Peran Kelompok Keahlian Teknik Pantai ITB dalam Pencarian KRI Nanggala

Tenggelamnya KRI Nanggala menjadi duka bagi Bangsa Indonesia. Sejak dinyatakan hilang kontak 21 April 2021, semua pihak bergotong royong mencari keberadaan “Monster Bawah Laut” tersebut, termasuk Kelompok Keahlian Teknik Pantai FTSL ITB.

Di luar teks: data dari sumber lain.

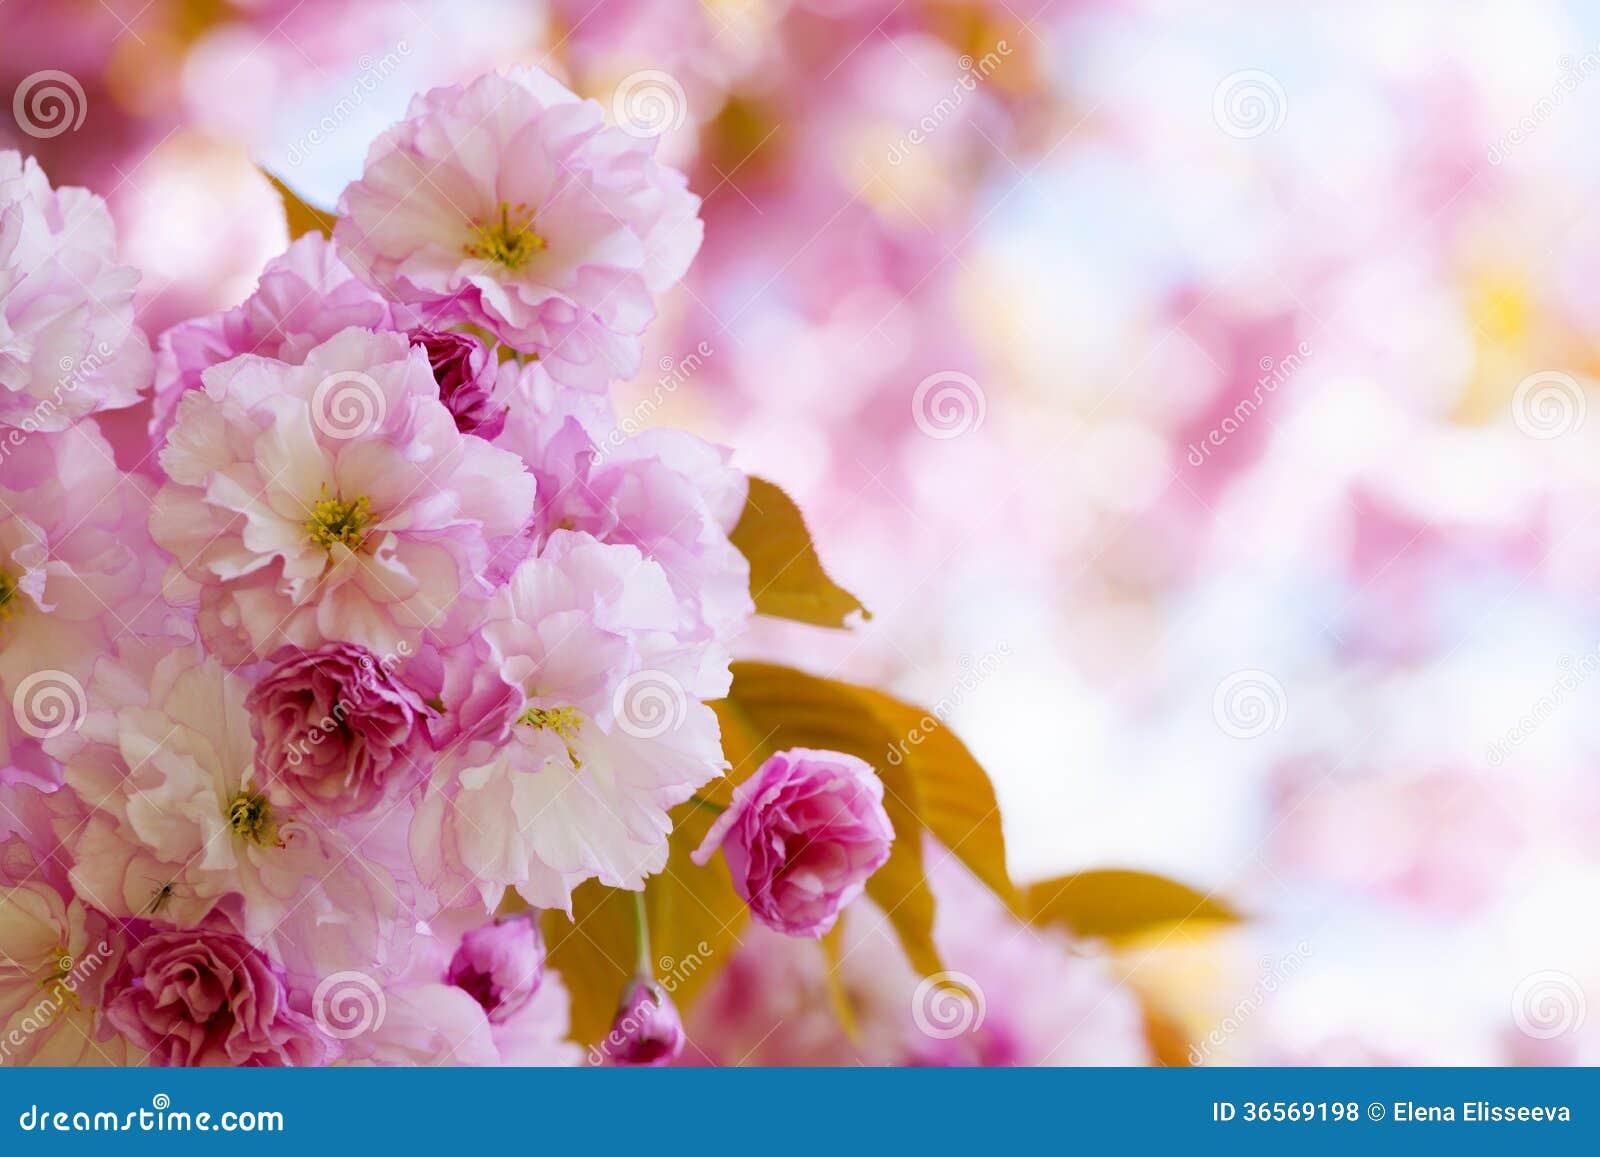 Fiori Di Ciliegia Rosa Nel Frutteto Di Primavera ...

Dari pengamatan udara, ditemukan tumpahan minyak di lokasi sekitar penyelaman KRI Nanggala. Berawal dari informasi tersebut, Ketua KK Teknik Pantai; Muslim Muin, Ph.D; melakukan simulasi Backtracking Oil Source menggunakan MoTuM untuk memperoleh sumber tumpahan lalu berkoordinasi dengan TNI AL agar dilakukan penelusuran pada lokasi tumpahan, namun Tim SAR tetap tidak berhasil mendapatkan kontak. Hal ini berarti KRI Nanggala berada di bawah area tumpahan minyak.

Selanjutnya Muslim Muin membuat Daerah Kemungkinan Posisi Nanggala dalam bentuk Poligon sebagai dasar penyisiran lapangan. Sore hari pada tangal 24 April 2021, ditemukan beberapa serpihan KRI Nanggala yang kemudian ditindaklanjuti dengan simulasi sebaran serpihan dengan Software MuDrillingCutting untuk memudahkan Tim SAR dalam pencarian sebaran serpihan di lapangan.

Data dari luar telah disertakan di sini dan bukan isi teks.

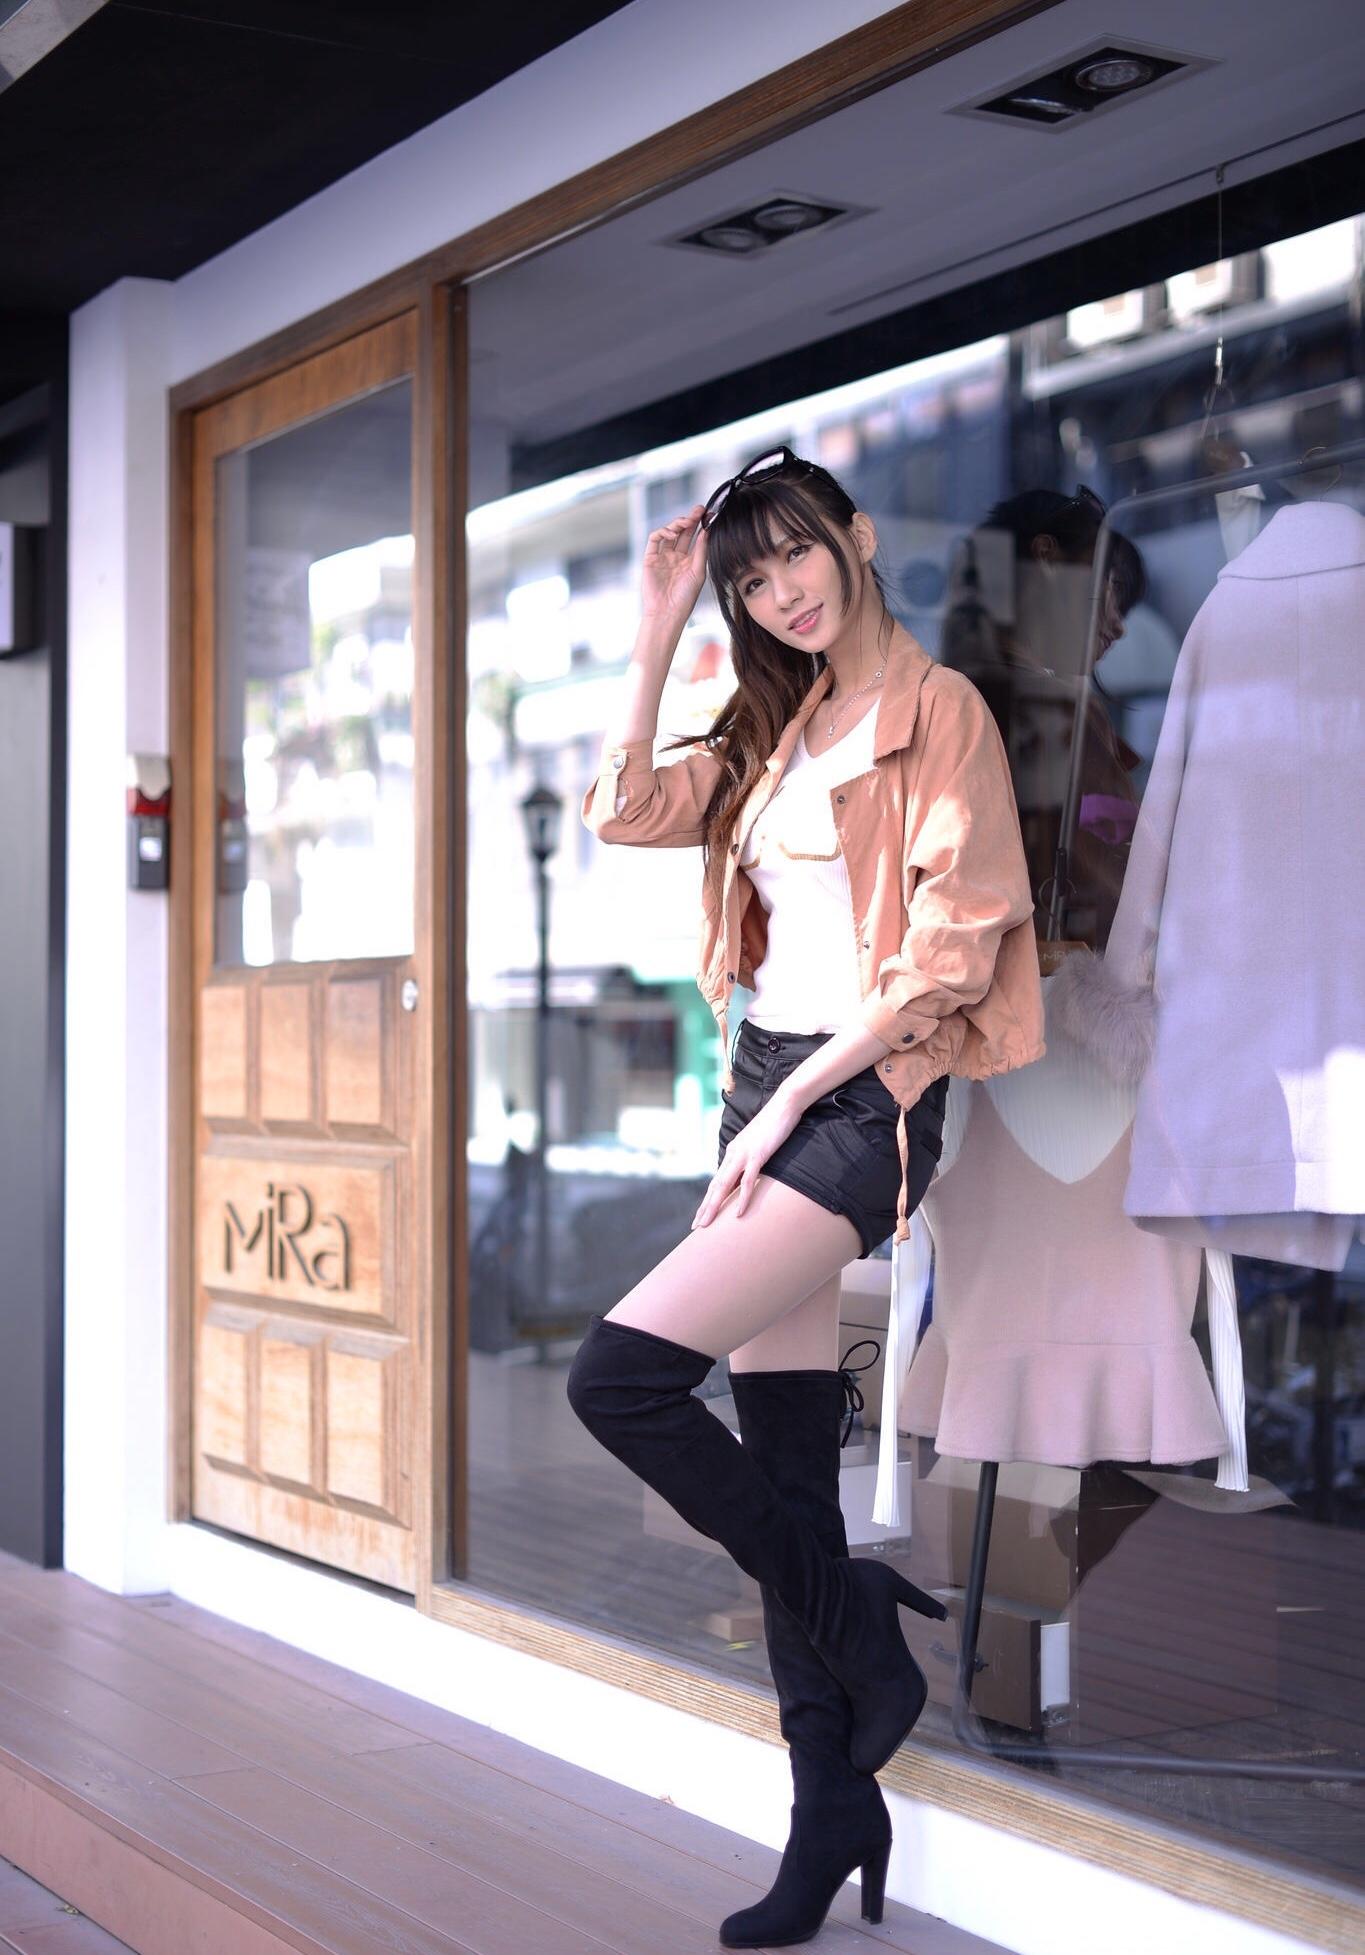 ニーハイブーツを履いた台湾美女Candice 11

Keberhasilan SAR TNI AL ini tidak lepas dari canggihnya KRI Rigel beserta kru dan kepercayaan penuh TNI AL kepada hasil simulasi Model Hidrodinamika 3D buatan putera bangsa, sehingga penyisiran menggunakan Side Scan Sonar dan ROV lebih fokus pada daerah hasil simulasi.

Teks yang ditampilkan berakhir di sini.